**Activity:** Leave out the pictures and repeat the data exactly.

**Provided data:**
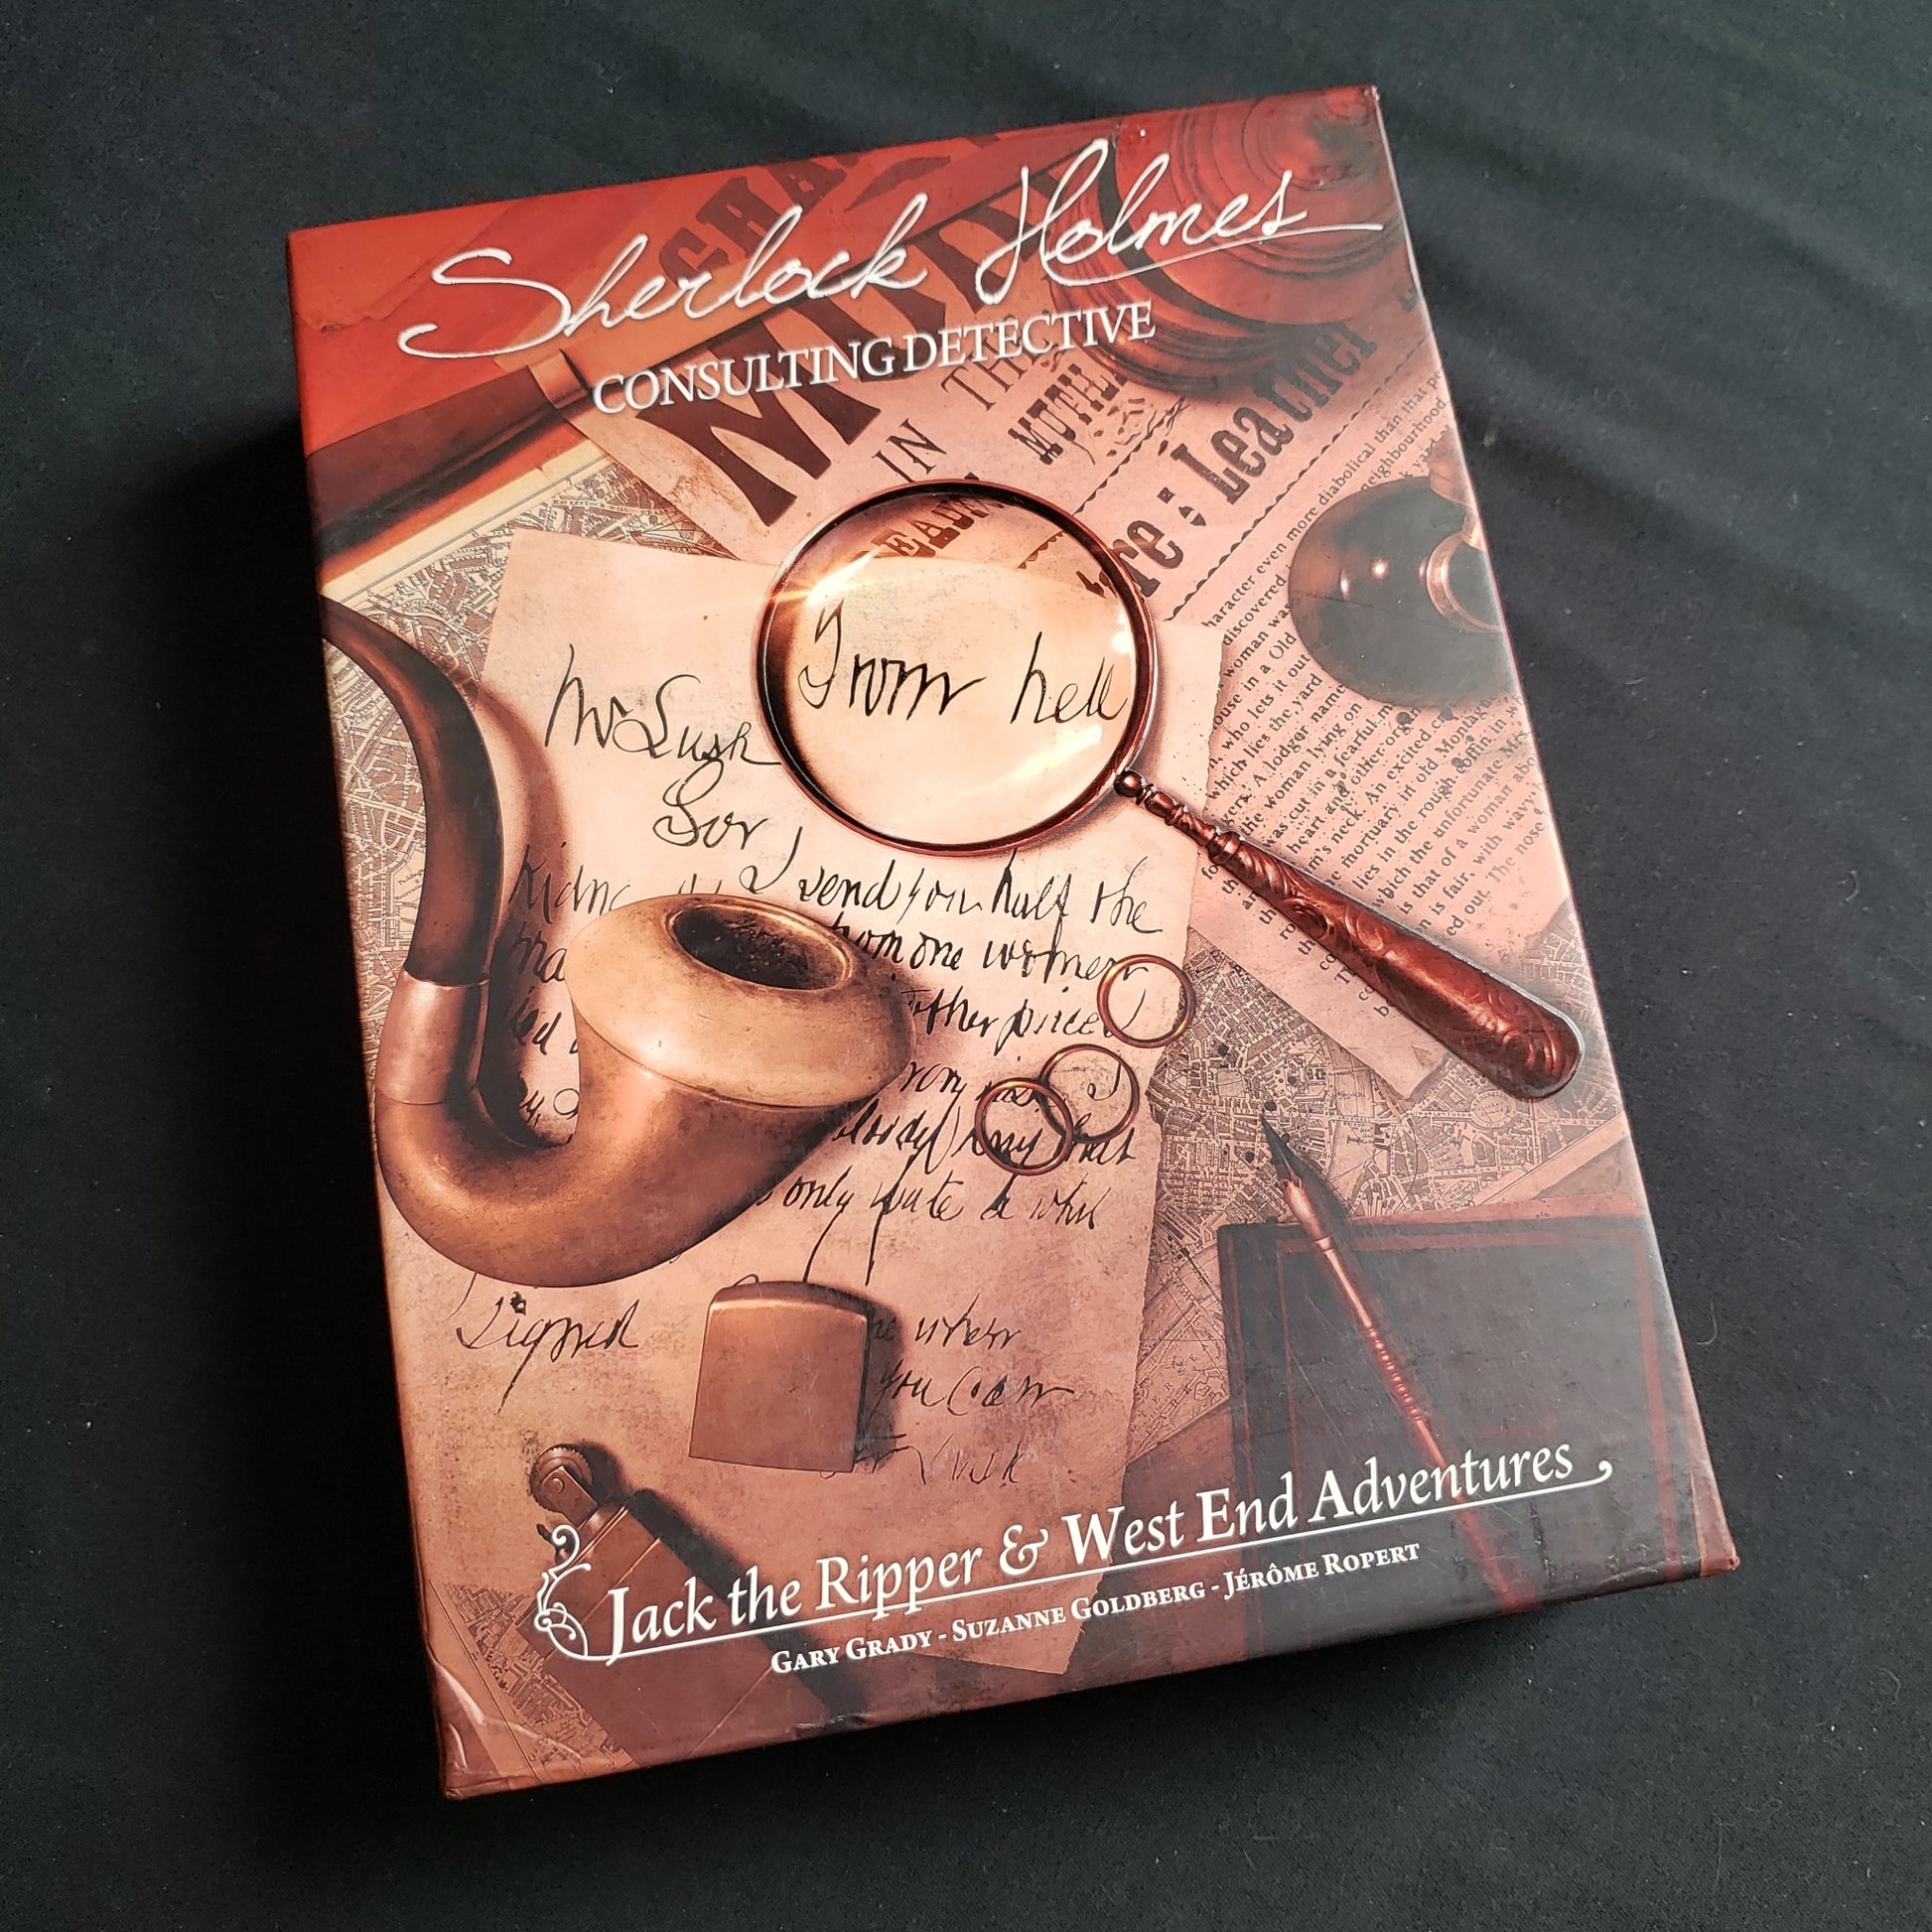 Image shows the front cover of the box of the Sherlock Holmes Consulting Detective: Jack the Ripper game
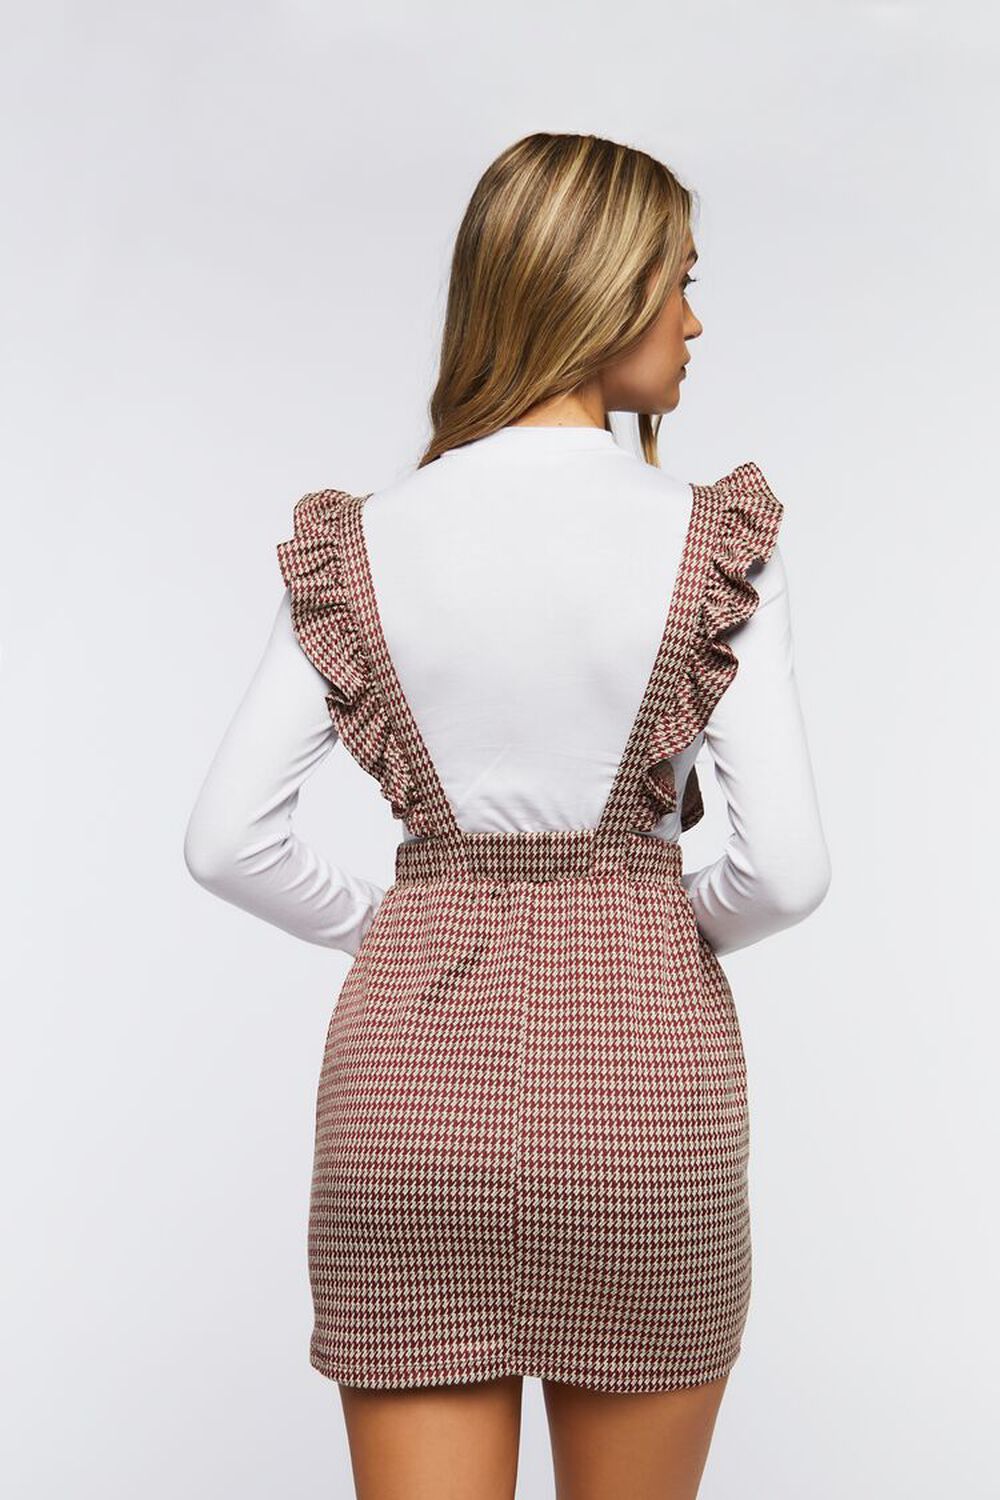 WHITE/MULTI Houndstooth Combo Pinafore Dress, image 3
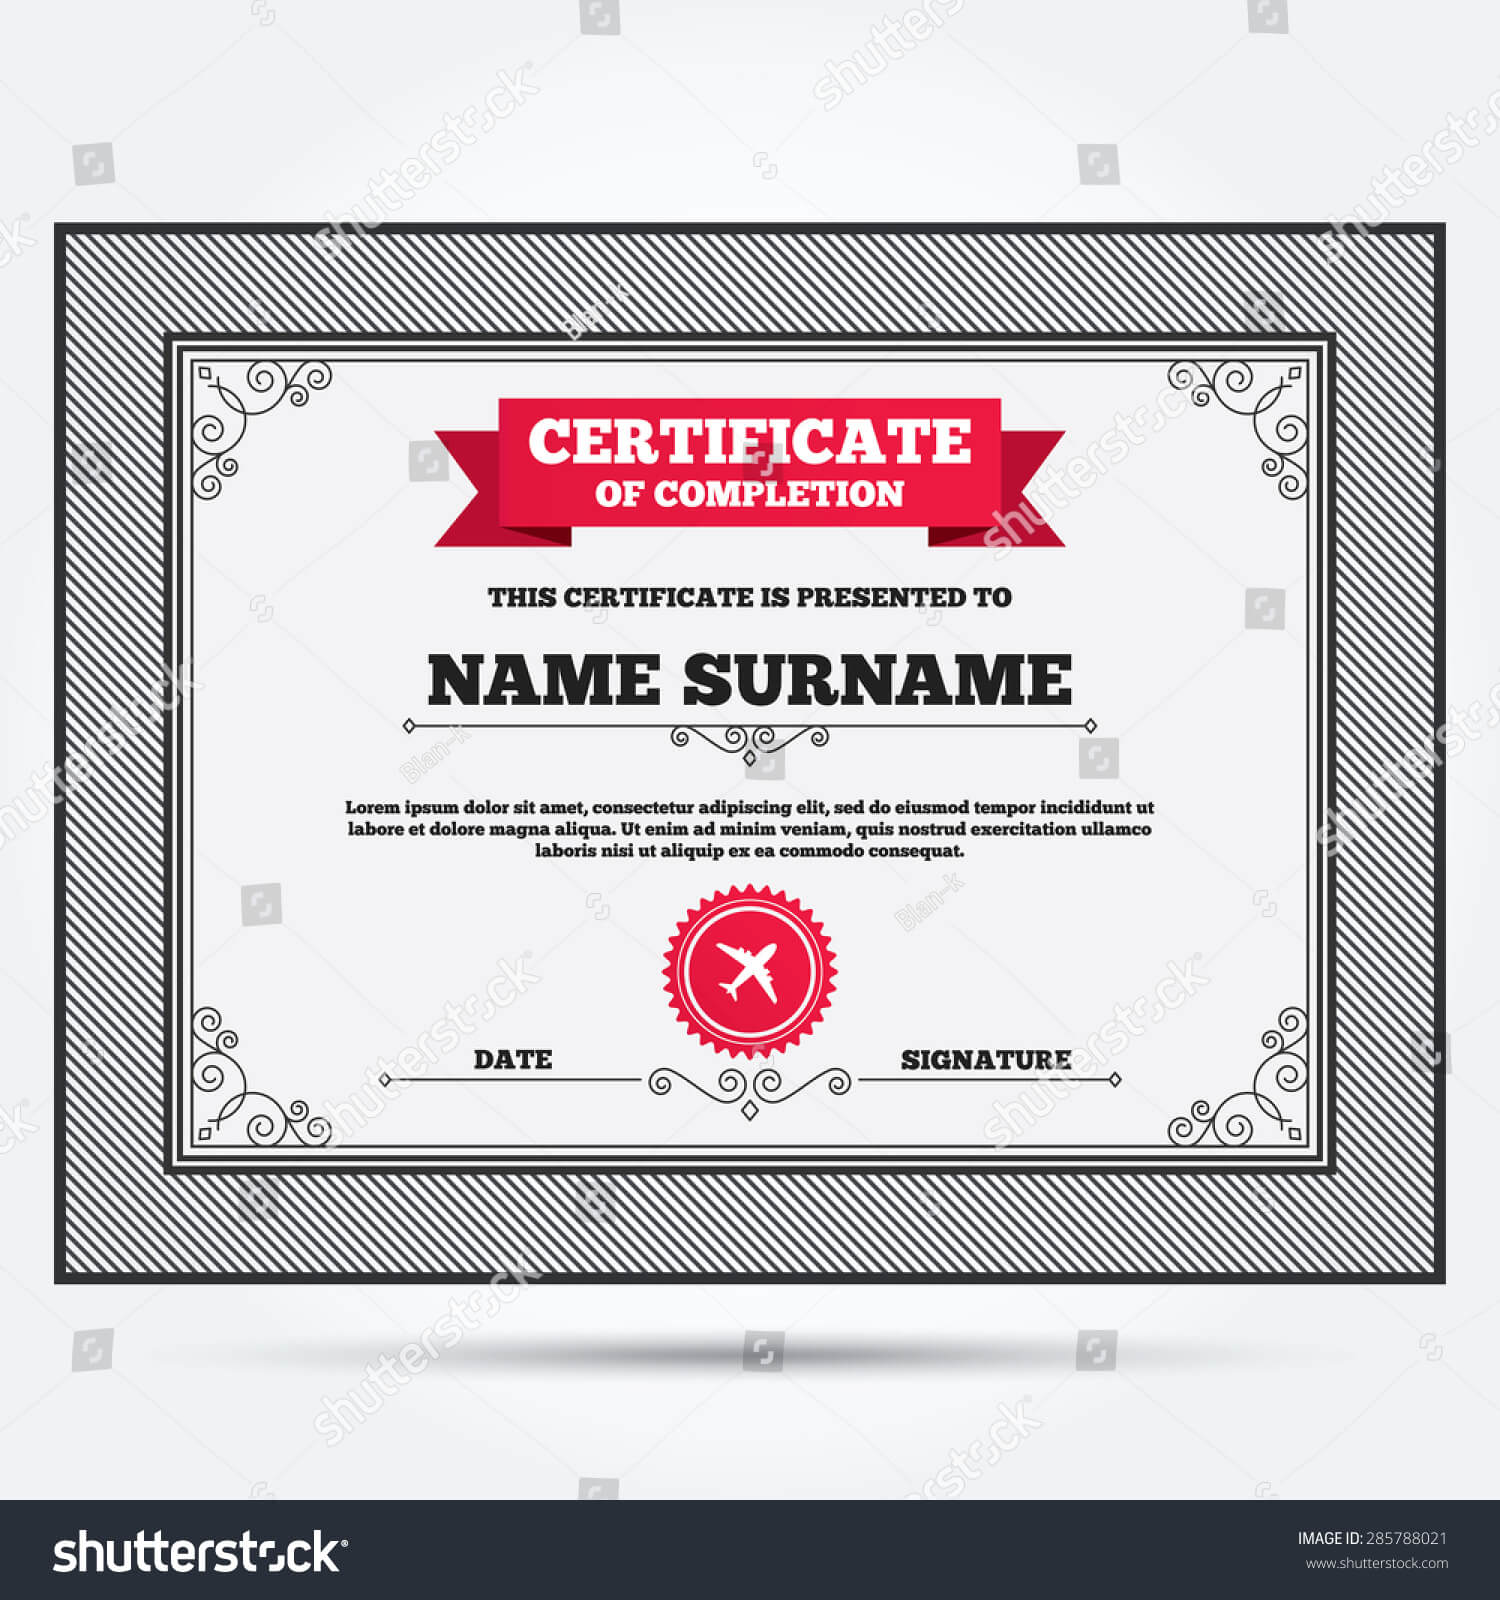 Certificates Of Completion Template ] – Certificate Of Throughout Sales Certificate Template

**Response to the exercise:**
 Image shows the front cover of the box of the Sherlock Holmes Consulting Detective: Jack the Ripper game
 WHITE/MULTI Houndstooth Combo Pinafore Dress, image 3
 Certificates Of Completion Template ] – Certificate Of Throughout Sales Certificate Template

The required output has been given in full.